The talk was a good chance to introduce the MySQL community-- developers, DBAs, sysadmins, and others to what Kubernetes is and what it means for MySQL
A bit of learning
I thought at the time when I submitted my synopsis that the talk would be straightforward. About 2-3 months ago, I started working on the setup I would use for the demonstration. My goal was to use a stock CoreOS cluster with the necessary Kubernetes components installed and running as a cluster.
The reality was that there was a bit more to it than that. Isn't that how everything that has to do with complex systems is? To make a long story short, I tried the Vagrant setup for CoreOS but using the cloud-init scripts in Kubernetes documentation but I could never get complete success running a Kubernetes cluster this way. Hence, the blog post I recently published that covered my basic setup.

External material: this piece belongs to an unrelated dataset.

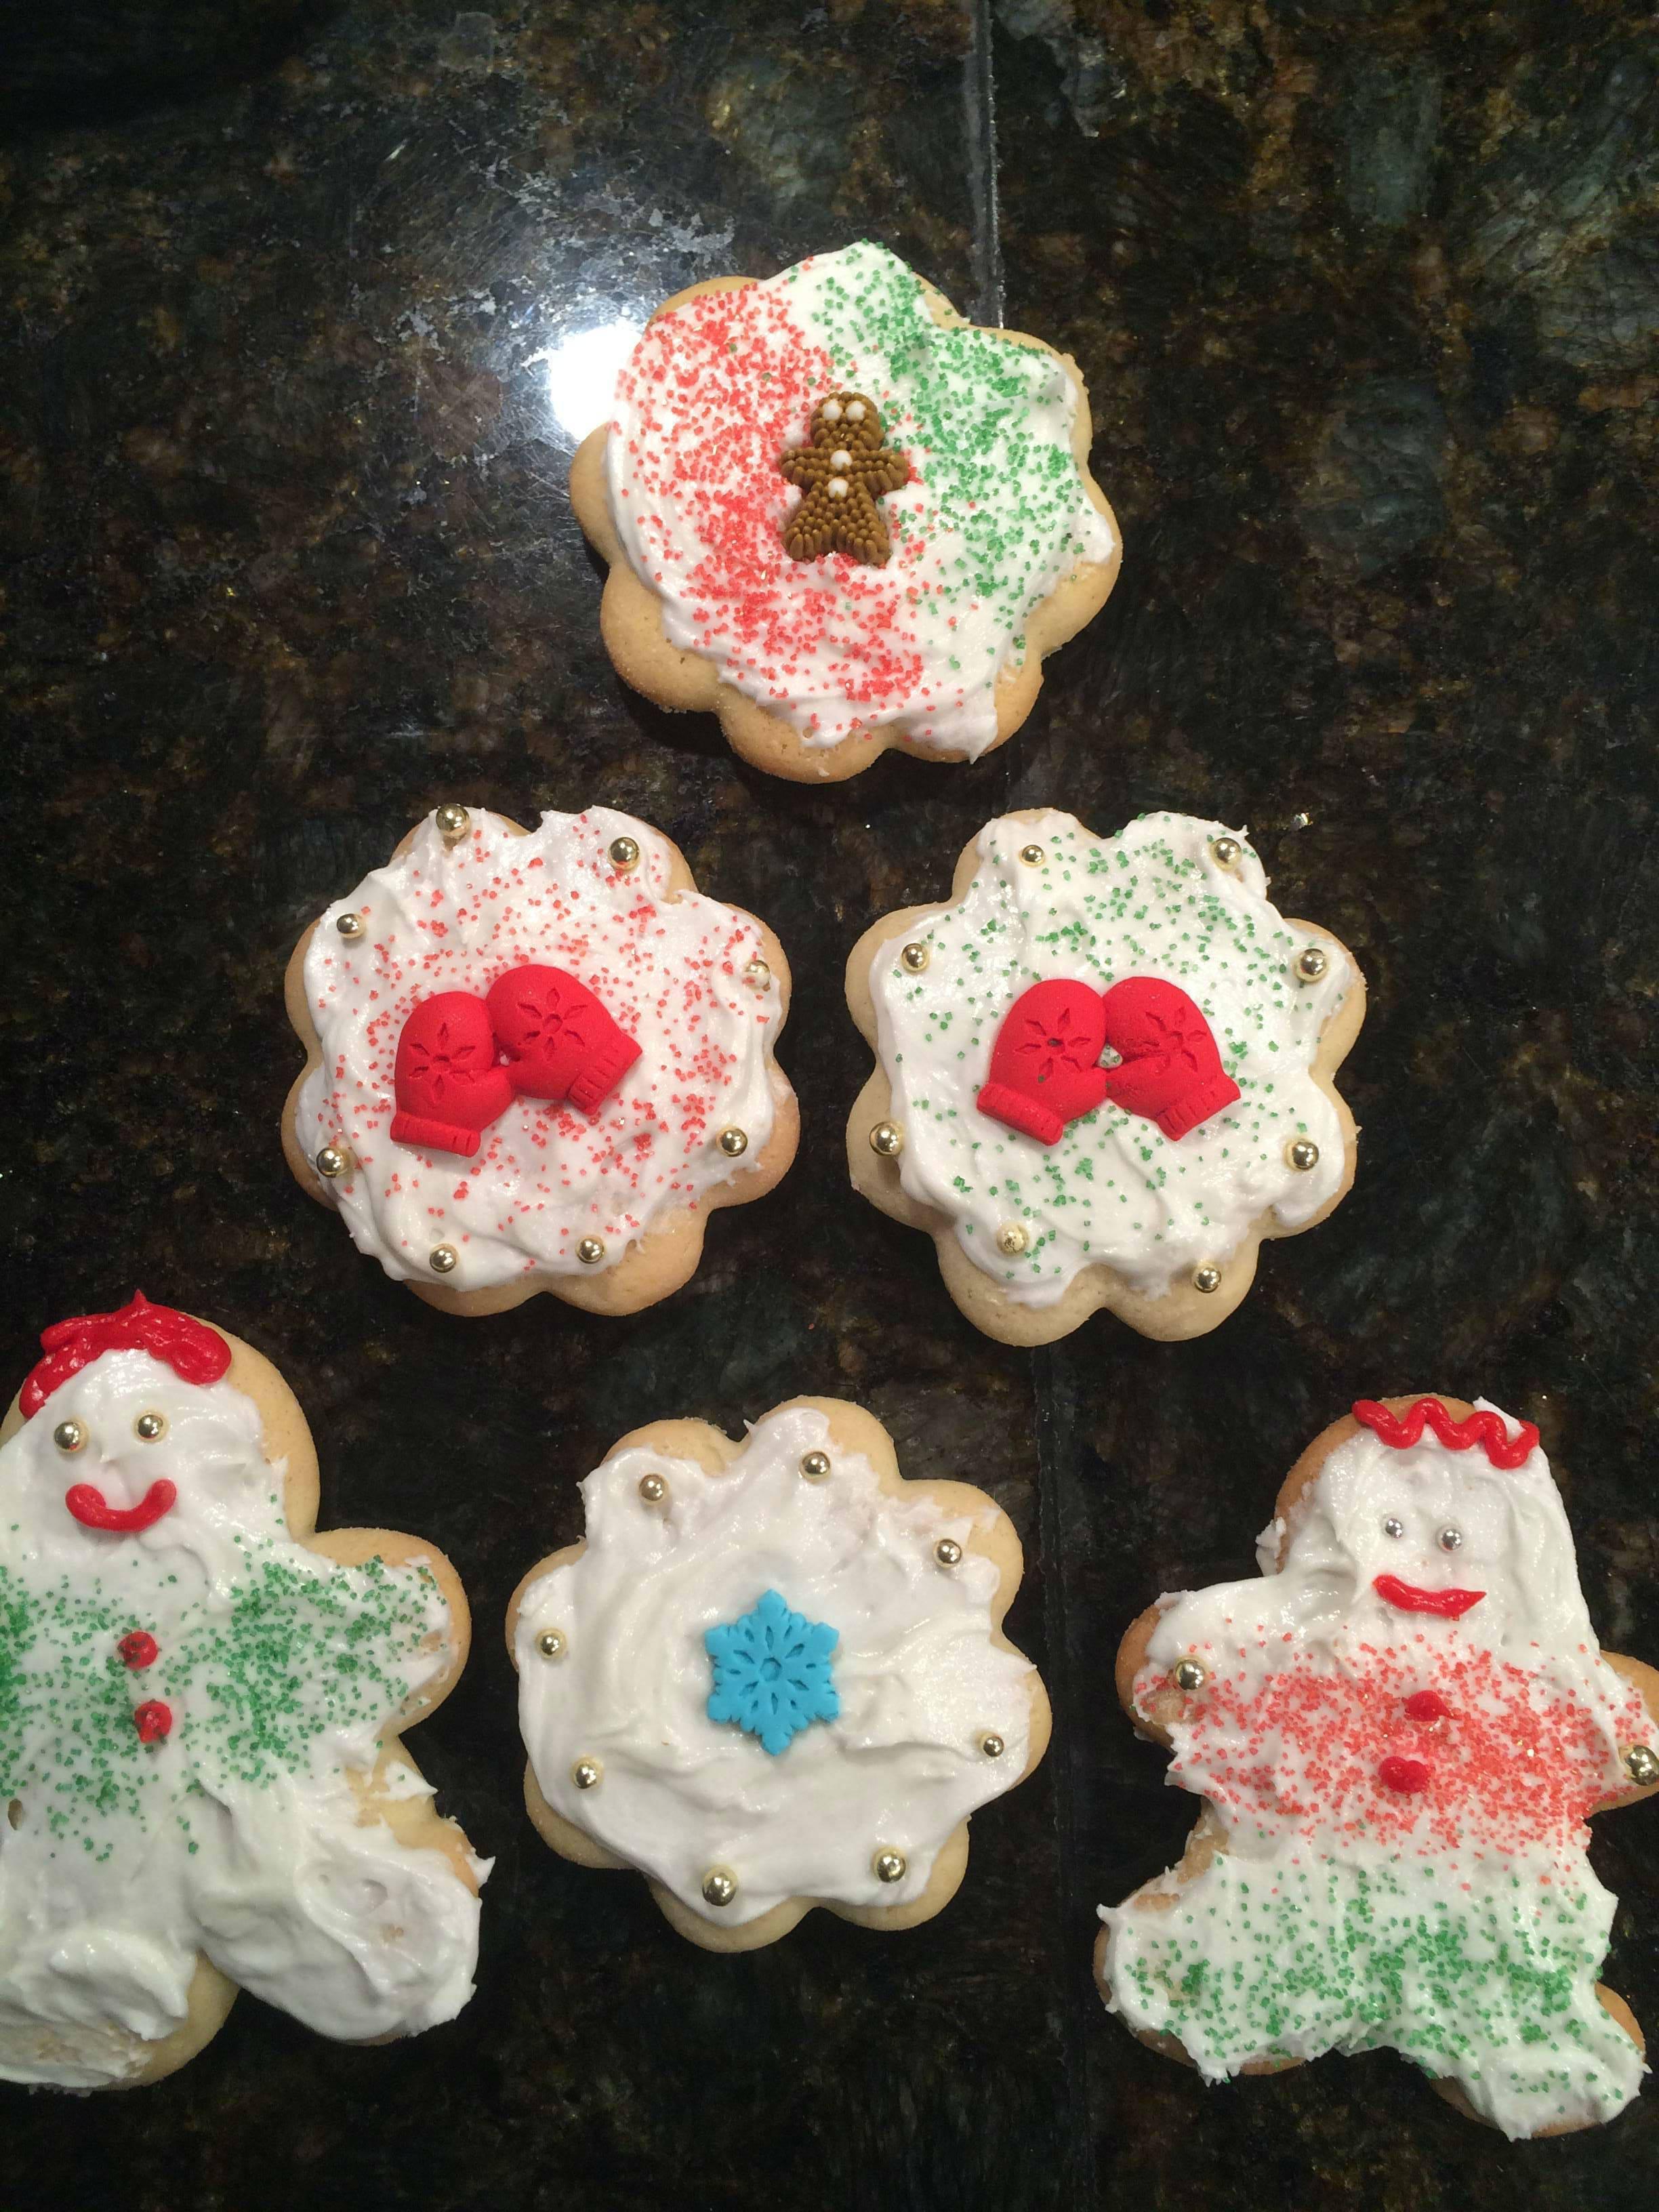 1a56777e30154ba159a2_95324786a3f3a8799970_sugar_cookie.JPG
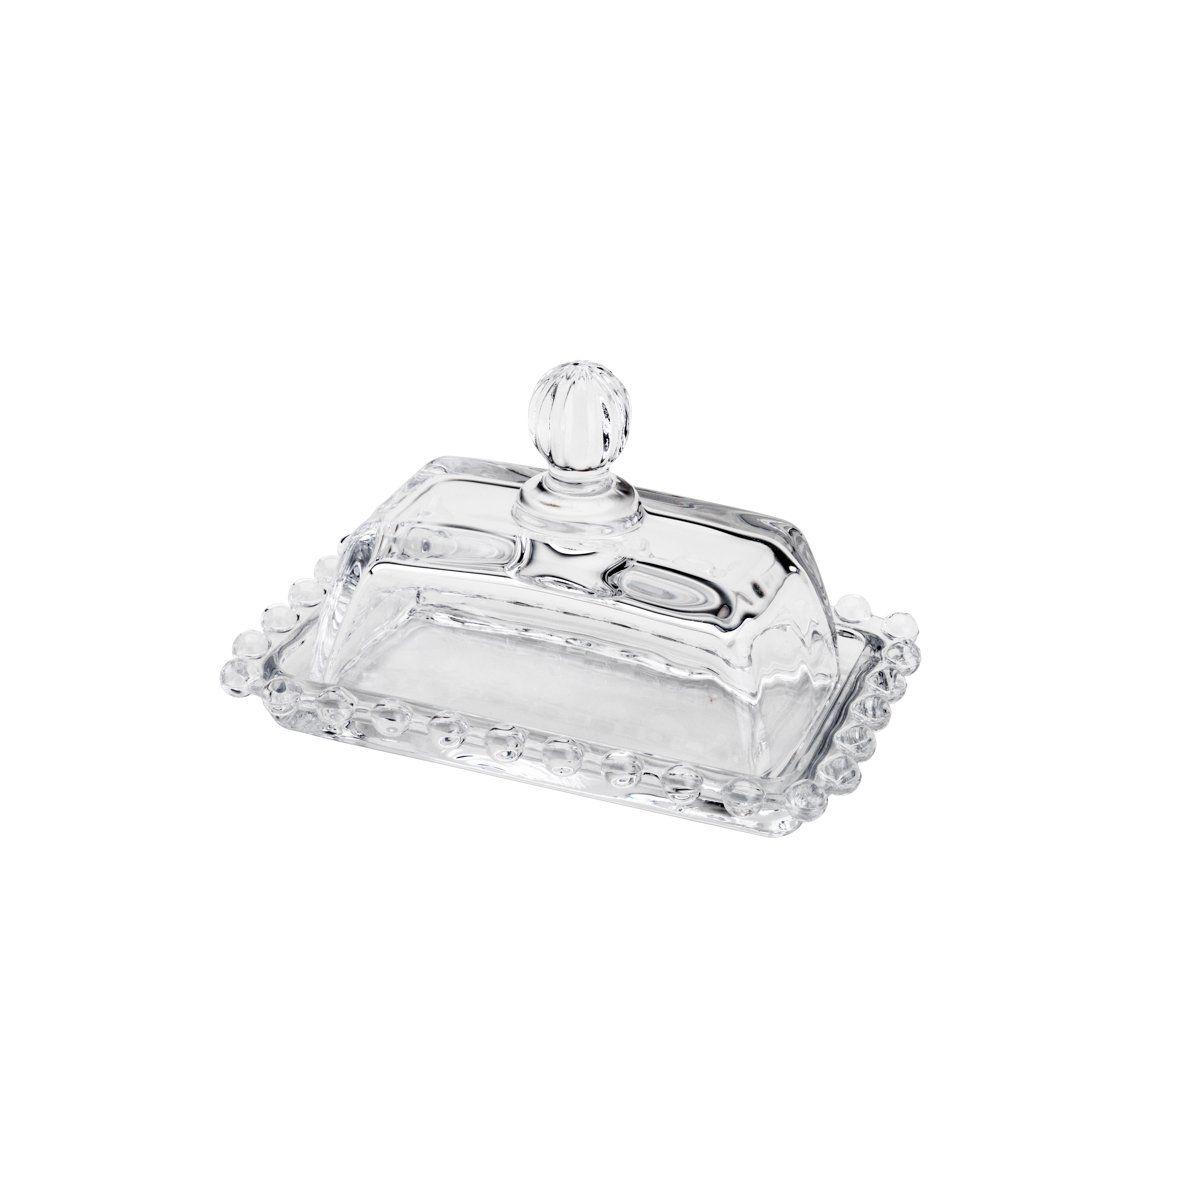 Manteigueira 14 cm de cristal transparente com tampa Dots Wolff - 26755

Finally, using the process outlined in that [post], I had a Kubernetes cluster that consistently worked for the most part. Some gotchas were that upon launching the cluster, the cloud-init scripts had dependencies that required downloading various binaries required to run Kubernetes and set up networking. A slow network connection resulted in failure because of this particular timing-- something I plan to fix and contribute back to the community.
With a working Kubernetes cluster, I decided it was time to first start with regular MySQL asyncronous replication since it might present a more simple proof of concept. The way to do this was essentially to modify the standard MySQL Docker container to have a master and slave variant. The higher abstraction of this is that there will be two pods - a master pod, and a slave pod. For the master pod, only one container will run. The slave pod could run one or more containers.
The master container is built using a Dockerfile that specifies and entrypoint shell script. This is the basic pattern that the stock MySQL container uses, albeit only to set up essential MySQL settings, particularly the root user and password. This modifications to this entrypoint script sets up the replication user privileges (name, password, and host to allow). In order to do this, when the container is started, environment variables are passed from the pod configuration file supplying the mysql root password, replication username, and replication password. The host to allow connection from uses 10.x.x.x as that's the IP range that Kubernetes uses to assigns to pods. This range would cover any container in the slave pod(s) that would need to connect as a slave. With these environment variables, the entrypoint script builds up an SQL script that runs these priviledge modification is run with MySQL in insecure mode (for initialization) using
mysqld --initialize-insecure=on. Additionally, a script called "random.sh" runs to set the server-id value in my.cnf. Once the master pod is running, a master service is started called mysql_master which the great functionality of Kubernetes makes availble as environment variables
MYSQL_MASTER_PORT on any container launched there afterword, including the slave container.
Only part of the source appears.